This post is from an old site of mine and dates back to 2017, when I was living and practicing in Brooklyn.
I've been thinking recently about continuing to learn Chinese herbalism without an active teacher. It's as if the tradition itself is doing the instructing--the tradition itself alive, intelligent, purposeful. In the last two weeks a couple instances of synchronicity have really strengthened that sense.
In the first instance, I went to downstairs to greet a new patient, and found that a package of herbs had been delivered. It contained just two herbs, cinnamon twig and licorice root. These two happen to make up a classical formula (called, fittingly, cinnamon twig and licorice decoction). The patient's case was a psychologically complex one, but because of the timing of the parcel, I wondered half-idly if cinnamon and licorice decoction might not be appropriate. Sure enough, questioning confirmed that the key signs for the formula were present. Without the coincidence of the package arriving, I might not have thought to give that particular formula. But I was able to give it with confidence, and also, by virtue of having spoken in depth with this patient, to understand the kind of psychological state the formula is suited to address.

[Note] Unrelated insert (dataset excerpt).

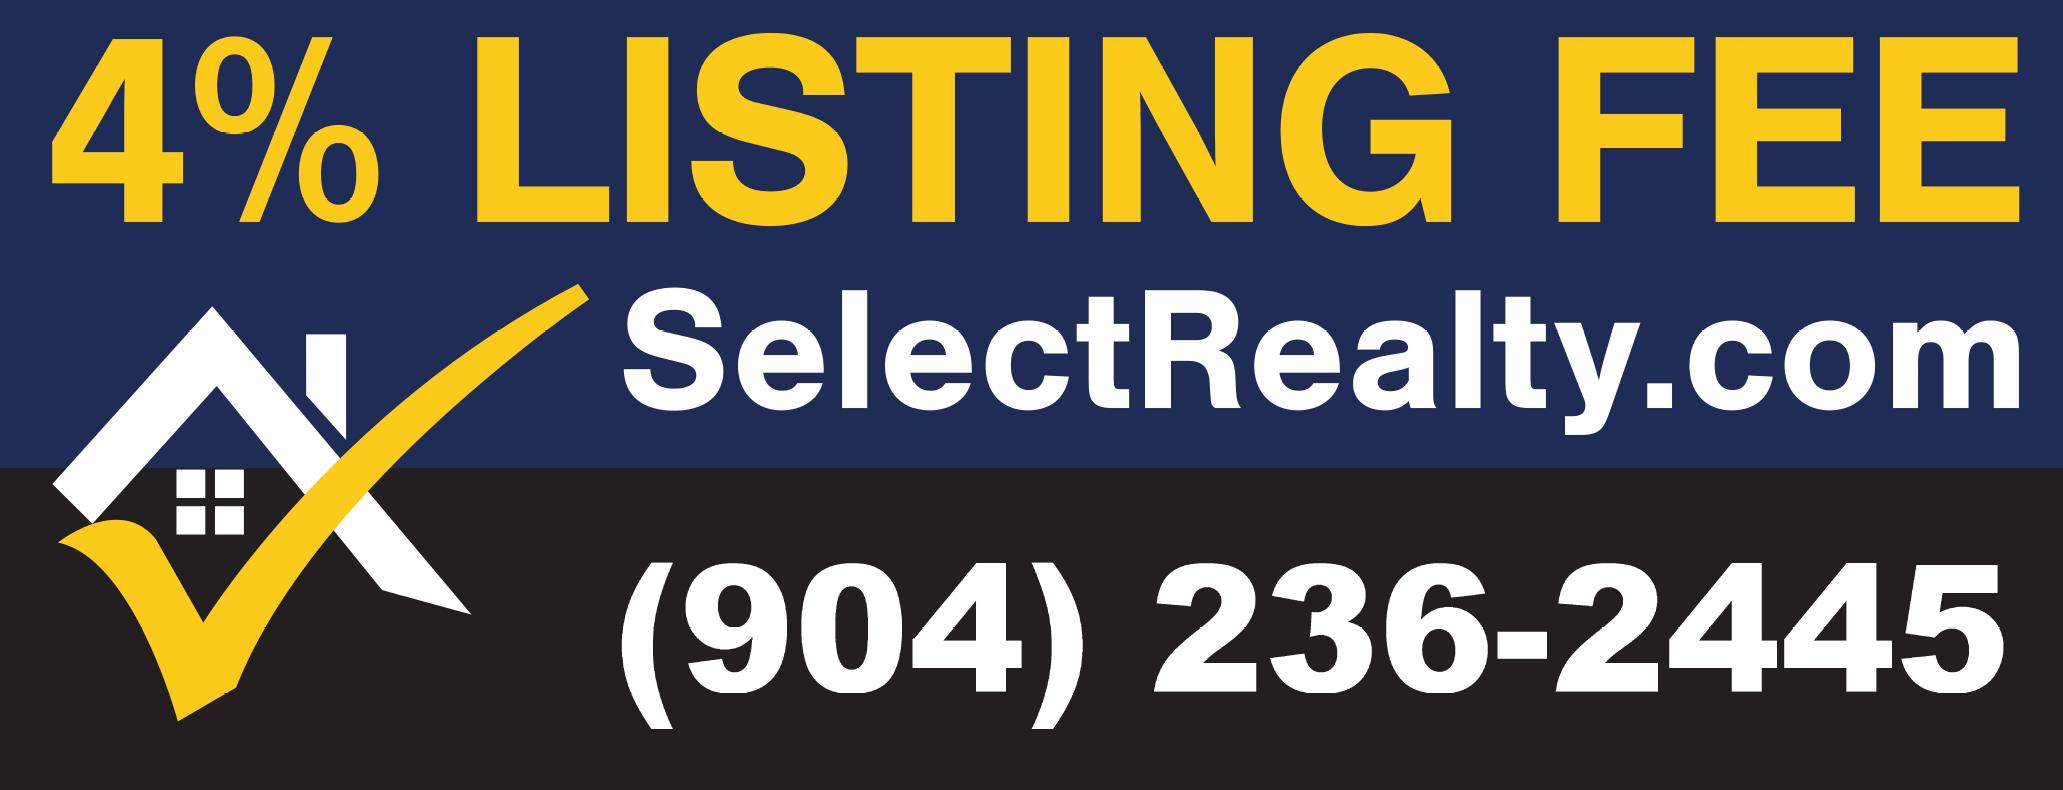 Select Realty Llc

Then this past weekend, it happened again, and in much the same way: when I went to downstairs to let in a guest (a friend, this time, not a paying patient), there was a package of herbs waiting for me. They happened to be herbs for bone healing (including Gu Sui Bu, Zi Ran Tong, Ru Xiang and Du Zhong). My friend, it turned out, was nursing a fractured foot.
Coincidences? Sure, if you like. But I take them as a nudge from the universe, and another reminder that living traditions such as classical Chinese medicine are just that: alive. It may sound weird, but these tradition find ways of using us as their vehicles, shaping and teaching us so that we may pass them on. I find it a beautiful symbiosis.